**GIVEN DATA:**
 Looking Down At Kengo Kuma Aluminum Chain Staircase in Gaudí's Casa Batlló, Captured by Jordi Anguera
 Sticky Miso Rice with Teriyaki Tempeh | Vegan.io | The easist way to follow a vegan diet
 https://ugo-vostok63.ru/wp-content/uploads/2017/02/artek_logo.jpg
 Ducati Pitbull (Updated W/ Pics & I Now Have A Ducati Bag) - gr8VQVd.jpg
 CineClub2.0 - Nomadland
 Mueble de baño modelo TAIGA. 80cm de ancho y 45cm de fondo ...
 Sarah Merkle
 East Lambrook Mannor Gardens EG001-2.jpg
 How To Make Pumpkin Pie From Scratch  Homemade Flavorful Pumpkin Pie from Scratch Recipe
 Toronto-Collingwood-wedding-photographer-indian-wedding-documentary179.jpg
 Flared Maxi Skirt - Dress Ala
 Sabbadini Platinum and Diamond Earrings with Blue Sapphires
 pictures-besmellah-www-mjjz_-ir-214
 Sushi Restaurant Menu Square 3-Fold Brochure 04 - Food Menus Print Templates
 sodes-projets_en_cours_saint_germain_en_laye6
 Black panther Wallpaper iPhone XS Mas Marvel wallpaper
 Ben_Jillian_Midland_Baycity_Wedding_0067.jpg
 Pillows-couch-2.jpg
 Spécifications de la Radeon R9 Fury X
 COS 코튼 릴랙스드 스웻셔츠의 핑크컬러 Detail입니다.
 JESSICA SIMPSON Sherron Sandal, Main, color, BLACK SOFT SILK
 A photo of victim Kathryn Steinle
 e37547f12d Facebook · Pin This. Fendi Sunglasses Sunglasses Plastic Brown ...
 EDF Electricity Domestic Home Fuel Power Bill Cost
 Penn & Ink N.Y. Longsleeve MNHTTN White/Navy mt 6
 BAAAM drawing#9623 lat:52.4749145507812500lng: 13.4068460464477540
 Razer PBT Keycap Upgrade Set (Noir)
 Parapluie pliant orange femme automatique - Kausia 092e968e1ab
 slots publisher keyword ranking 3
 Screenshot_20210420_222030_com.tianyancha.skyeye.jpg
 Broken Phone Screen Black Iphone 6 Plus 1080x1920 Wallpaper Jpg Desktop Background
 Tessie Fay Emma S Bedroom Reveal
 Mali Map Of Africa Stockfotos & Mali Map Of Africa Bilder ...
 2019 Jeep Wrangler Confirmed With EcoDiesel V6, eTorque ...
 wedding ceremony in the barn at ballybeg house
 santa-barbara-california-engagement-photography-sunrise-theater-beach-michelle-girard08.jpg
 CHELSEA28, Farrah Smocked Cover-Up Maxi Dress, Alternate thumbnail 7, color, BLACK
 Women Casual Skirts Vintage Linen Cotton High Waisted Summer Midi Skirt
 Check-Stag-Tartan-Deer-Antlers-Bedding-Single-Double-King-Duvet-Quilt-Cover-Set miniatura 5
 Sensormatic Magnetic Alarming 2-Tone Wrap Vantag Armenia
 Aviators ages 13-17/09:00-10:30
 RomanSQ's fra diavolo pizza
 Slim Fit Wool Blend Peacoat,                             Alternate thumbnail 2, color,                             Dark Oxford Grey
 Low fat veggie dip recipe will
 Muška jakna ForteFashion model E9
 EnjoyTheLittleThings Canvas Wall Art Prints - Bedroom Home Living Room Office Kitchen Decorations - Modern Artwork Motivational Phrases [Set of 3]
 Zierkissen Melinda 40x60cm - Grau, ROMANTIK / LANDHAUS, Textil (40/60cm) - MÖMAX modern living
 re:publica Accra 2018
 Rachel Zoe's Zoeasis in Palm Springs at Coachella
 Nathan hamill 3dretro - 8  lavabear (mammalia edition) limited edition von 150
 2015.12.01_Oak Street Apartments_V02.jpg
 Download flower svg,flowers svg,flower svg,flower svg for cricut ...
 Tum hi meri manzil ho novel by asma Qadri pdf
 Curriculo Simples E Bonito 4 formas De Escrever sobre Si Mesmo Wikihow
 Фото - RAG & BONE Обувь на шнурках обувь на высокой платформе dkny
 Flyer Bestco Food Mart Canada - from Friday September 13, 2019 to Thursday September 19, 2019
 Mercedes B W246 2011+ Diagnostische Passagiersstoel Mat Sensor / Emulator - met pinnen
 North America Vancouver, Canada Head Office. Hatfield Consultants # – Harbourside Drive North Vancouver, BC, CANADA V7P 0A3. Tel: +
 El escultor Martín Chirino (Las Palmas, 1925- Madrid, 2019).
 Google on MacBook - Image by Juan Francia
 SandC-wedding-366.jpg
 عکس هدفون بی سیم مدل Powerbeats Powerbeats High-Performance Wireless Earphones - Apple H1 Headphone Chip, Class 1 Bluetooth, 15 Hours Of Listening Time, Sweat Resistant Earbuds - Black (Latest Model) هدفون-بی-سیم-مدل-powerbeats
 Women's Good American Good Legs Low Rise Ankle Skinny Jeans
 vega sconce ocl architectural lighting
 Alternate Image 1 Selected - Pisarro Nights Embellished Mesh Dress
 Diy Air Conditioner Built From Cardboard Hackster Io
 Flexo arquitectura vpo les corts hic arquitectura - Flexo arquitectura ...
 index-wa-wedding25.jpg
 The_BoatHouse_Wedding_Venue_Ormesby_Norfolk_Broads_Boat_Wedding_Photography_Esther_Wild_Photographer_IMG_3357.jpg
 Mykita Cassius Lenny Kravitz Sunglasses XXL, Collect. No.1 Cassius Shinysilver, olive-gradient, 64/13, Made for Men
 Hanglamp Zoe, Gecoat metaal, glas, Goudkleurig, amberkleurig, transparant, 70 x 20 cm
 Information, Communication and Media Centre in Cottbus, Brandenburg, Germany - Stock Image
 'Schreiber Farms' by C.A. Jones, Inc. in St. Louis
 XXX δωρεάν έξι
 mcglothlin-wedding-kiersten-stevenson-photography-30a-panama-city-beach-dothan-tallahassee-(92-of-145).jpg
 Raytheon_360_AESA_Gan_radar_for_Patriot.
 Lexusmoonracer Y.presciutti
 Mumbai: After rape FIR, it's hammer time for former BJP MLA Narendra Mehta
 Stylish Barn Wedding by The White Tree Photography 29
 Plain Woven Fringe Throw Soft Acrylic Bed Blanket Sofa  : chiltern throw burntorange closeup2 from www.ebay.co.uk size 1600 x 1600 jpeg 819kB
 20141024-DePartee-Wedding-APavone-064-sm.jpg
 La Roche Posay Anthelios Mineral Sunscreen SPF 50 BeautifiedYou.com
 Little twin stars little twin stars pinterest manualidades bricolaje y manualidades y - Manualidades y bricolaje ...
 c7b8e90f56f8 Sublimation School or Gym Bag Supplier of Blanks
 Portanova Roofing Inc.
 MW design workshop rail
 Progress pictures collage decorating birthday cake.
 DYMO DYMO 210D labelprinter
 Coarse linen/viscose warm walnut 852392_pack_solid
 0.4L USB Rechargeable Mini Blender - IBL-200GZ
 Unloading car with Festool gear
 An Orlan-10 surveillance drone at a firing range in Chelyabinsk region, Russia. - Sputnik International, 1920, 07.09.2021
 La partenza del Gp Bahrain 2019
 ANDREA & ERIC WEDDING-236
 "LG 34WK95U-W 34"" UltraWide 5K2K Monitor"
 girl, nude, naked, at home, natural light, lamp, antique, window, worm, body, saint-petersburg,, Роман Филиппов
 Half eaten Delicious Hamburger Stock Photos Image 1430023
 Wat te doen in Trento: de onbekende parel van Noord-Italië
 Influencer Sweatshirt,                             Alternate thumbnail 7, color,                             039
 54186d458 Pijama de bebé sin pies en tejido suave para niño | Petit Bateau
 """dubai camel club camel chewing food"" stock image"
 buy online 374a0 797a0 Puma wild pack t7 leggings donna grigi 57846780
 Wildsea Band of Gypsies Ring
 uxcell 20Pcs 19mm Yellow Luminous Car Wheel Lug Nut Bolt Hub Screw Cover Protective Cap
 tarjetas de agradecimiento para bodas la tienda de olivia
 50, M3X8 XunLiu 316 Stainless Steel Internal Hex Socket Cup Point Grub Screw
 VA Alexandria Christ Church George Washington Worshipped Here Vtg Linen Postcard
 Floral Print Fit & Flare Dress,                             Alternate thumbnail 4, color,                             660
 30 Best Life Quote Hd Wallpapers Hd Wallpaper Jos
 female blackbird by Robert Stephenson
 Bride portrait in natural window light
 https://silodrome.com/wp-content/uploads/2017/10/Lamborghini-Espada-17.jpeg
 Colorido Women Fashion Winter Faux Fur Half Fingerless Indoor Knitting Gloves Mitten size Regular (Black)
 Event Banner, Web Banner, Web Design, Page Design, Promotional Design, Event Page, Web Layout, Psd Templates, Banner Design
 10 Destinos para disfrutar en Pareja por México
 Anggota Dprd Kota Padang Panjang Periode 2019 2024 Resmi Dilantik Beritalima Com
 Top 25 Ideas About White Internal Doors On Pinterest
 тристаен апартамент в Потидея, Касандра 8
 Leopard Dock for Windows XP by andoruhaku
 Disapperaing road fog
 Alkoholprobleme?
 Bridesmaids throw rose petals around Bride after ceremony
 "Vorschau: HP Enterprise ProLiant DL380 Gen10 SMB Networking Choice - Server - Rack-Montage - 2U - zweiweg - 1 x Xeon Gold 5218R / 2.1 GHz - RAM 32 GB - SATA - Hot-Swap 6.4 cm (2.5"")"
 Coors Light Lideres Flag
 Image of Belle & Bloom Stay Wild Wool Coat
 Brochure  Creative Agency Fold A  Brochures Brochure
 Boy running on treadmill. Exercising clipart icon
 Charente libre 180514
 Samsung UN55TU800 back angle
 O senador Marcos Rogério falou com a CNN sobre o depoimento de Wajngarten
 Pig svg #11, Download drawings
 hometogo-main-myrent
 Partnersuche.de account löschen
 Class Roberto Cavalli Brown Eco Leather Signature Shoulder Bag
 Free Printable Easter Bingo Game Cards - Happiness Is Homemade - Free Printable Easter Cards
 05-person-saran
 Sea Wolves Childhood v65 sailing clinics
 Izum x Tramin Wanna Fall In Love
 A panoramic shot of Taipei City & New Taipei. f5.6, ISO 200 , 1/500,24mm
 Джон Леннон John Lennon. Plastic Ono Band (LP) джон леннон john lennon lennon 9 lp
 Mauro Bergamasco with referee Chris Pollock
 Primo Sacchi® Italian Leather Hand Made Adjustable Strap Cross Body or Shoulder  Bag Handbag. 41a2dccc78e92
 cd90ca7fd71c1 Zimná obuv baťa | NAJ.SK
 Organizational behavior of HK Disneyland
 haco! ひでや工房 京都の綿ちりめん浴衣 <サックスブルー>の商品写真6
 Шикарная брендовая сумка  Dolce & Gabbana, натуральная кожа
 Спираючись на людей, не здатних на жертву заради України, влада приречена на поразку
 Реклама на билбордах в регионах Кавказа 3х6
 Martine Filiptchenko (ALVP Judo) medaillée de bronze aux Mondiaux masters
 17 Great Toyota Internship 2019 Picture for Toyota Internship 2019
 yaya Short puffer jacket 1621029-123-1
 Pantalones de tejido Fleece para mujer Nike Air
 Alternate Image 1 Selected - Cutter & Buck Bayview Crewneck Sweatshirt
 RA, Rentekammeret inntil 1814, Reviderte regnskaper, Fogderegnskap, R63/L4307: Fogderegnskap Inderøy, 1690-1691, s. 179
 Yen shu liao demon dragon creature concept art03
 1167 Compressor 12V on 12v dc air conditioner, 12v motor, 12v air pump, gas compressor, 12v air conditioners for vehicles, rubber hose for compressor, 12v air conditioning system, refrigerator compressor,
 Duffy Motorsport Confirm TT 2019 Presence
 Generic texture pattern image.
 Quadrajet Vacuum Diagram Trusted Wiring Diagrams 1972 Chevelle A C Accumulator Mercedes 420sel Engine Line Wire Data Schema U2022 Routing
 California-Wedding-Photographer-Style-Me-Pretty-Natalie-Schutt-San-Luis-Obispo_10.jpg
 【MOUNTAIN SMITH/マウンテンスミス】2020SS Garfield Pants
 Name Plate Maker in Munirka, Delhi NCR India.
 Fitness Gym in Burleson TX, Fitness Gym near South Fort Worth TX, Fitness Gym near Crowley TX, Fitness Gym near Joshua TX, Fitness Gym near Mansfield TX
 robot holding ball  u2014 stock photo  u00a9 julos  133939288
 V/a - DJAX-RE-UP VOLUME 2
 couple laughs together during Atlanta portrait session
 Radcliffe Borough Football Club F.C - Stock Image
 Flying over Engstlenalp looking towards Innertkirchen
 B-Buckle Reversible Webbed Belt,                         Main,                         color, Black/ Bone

**ABOUT THIS EXERCISE:** Your answer should be the lines above from the one containing "Half eaten Delicious" through the one containing "Disapperaing road fog", copied exactly and with both ends kept.

**FINISHED EXERCISE:**
 Half eaten Delicious Hamburger Stock Photos Image 1430023
 Wat te doen in Trento: de onbekende parel van Noord-Italië
 Influencer Sweatshirt,                             Alternate thumbnail 7, color,                             039
 54186d458 Pijama de bebé sin pies en tejido suave para niño | Petit Bateau
 """dubai camel club camel chewing food"" stock image"
 buy online 374a0 797a0 Puma wild pack t7 leggings donna grigi 57846780
 Wildsea Band of Gypsies Ring
 uxcell 20Pcs 19mm Yellow Luminous Car Wheel Lug Nut Bolt Hub Screw Cover Protective Cap
 tarjetas de agradecimiento para bodas la tienda de olivia
 50, M3X8 XunLiu 316 Stainless Steel Internal Hex Socket Cup Point Grub Screw
 VA Alexandria Christ Church George Washington Worshipped Here Vtg Linen Postcard
 Floral Print Fit & Flare Dress,                             Alternate thumbnail 4, color,                             660
 30 Best Life Quote Hd Wallpapers Hd Wallpaper Jos
 female blackbird by Robert Stephenson
 Bride portrait in natural window light
 https://silodrome.com/wp-content/uploads/2017/10/Lamborghini-Espada-17.jpeg
 Colorido Women Fashion Winter Faux Fur Half Fingerless Indoor Knitting Gloves Mitten size Regular (Black)
 Event Banner, Web Banner, Web Design, Page Design, Promotional Design, Event Page, Web Layout, Psd Templates, Banner Design
 10 Destinos para disfrutar en Pareja por México
 Anggota Dprd Kota Padang Panjang Periode 2019 2024 Resmi Dilantik Beritalima Com
 Top 25 Ideas About White Internal Doors On Pinterest
 тристаен апартамент в Потидея, Касандра 8
 Leopard Dock for Windows XP by andoruhaku
 Disapperaing road fog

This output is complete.